NASA’s Artemis I rocket, including its Space Launch System (SLS), was unveiled to the public Thursday, sitting atop the agency’s massive crawler transporter. Hundreds of space enthusiasts lined up near the Vehicle Assembly Building (VAB) at Kennedy Space Center to watch history slowly stroll down to Launch Complex 39B.
The SLS began its four-mile journey on Thursday evening. [Photo: Jeremy Kariuki]
Capt. Victor Glover, an Artemis astronaut, spoke with FLYING about the Orion spacecraft, which could take him to the moon.
“It’s got four seats, it’s got these three screens, lots of buttons, and some joysticks—it looks like the cockpit of a fighter aircraft or a really expensive gaming console, if you’re one of those really serious gamers,” he said. “Honestly, to the casual observer, it looks like an Apollo spacecraft.”
With his prior experience on the International Space Station, there’s a good chance that Glover could be selected as the first person of color to set foot on the lunar surface. FLYING asked the former naval pilot about what that meant to him.
“I actually try hard not to think about that,” he said. “Don’t get me wrong, it’s a dream of mine to walk and work on the surface of the moon, but as soon as I go further than that, and I start thinking about the details of that, you can start to build up these expectations.
“Right now, what I’m focused on is my job, working on the hardware to develop the Human Landing System, to support events like this, and then, to make sure that I’m healthy and technically ready, in case my boss does want to assign me to one of those missions…if that day does come, it would be truly amazing.”
Deputy general manager for Jacobs Space Operations, Bradley McCain, also spoke with FLYING about how it feels to be a part of such a historic mission.
“It’s very exciting. For me personally, I was 7 years old when man landed on the moon,” he said. “I grew up across the river here from Kennedy Space Center…Events like these matter, not only to me and the people who worked on the program, but to the folks that are watching from TV that can’t come out here today to watch these things. You don’t know who you stimulate to go into these STEM sciences.”

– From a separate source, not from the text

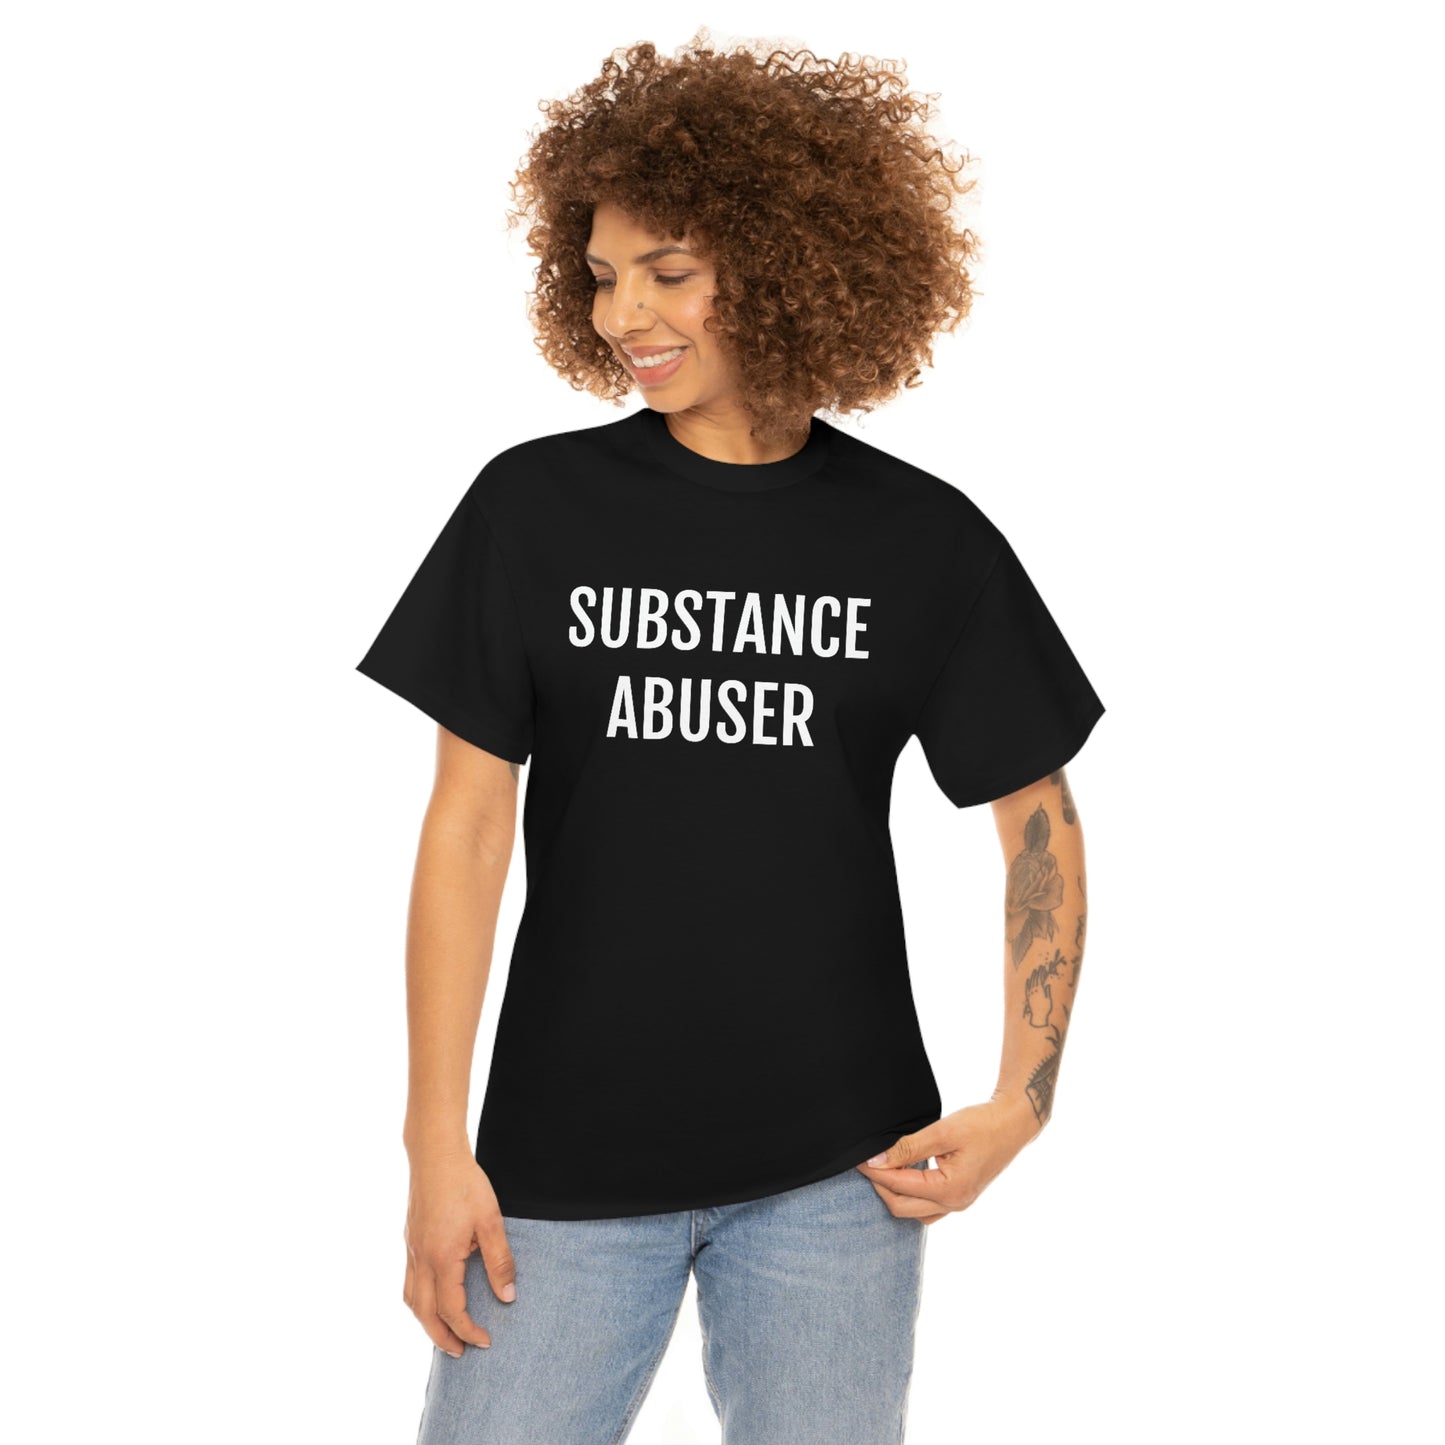 SUBSTANCE ABUSER T-SHIRT

Jacobs Space Operations Group is the prime contractor for NASA’s Exploration Ground Systems Program at Kennedy Space Center—which includes integration, testing, launches, and recoveries of launch systems.
Jacobs is responsible for several upgrades to the crawler transporter, which stands 580 feet tall and weighs over 6 million pounds without a payload.

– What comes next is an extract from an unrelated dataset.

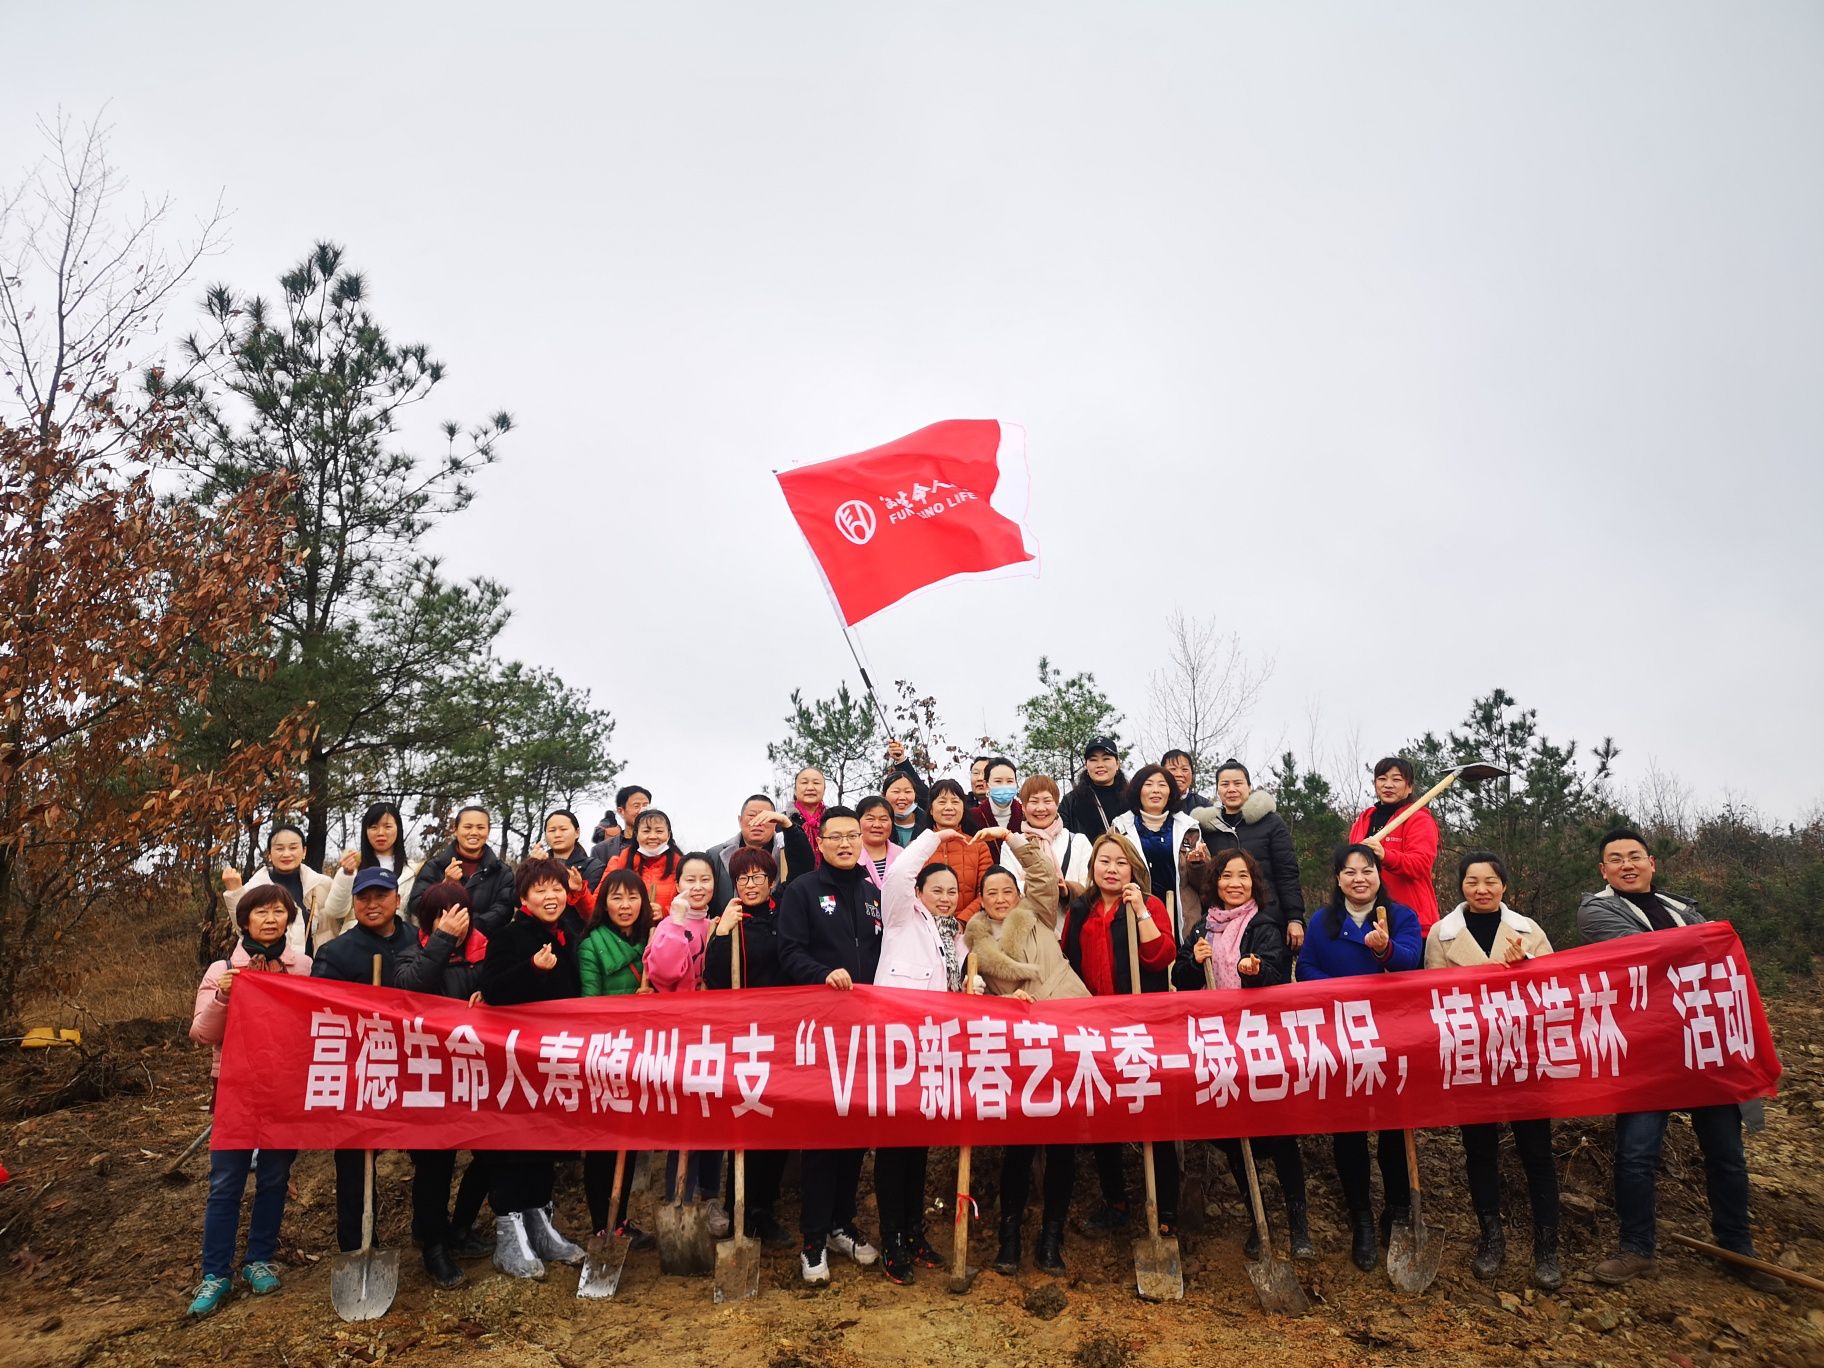 富德生命人寿随州中支组织开展“VIP新春艺术季——绿色环保 植树造林”活动

The rollout to the launch complex is a very tedious process, where the crawler can only move about one mile per hour, in order to minimize vibrations that could damage the rocket. The journey from the VAB to Launch Complex 39B took several hours for the SLS, and every inch toward its destination is just as nerve-wracking as the last.
“The crawler has been tested many times,” McCain said. “You’re nervous, only in that, it’s the first time. We’re confident that it can do its job.”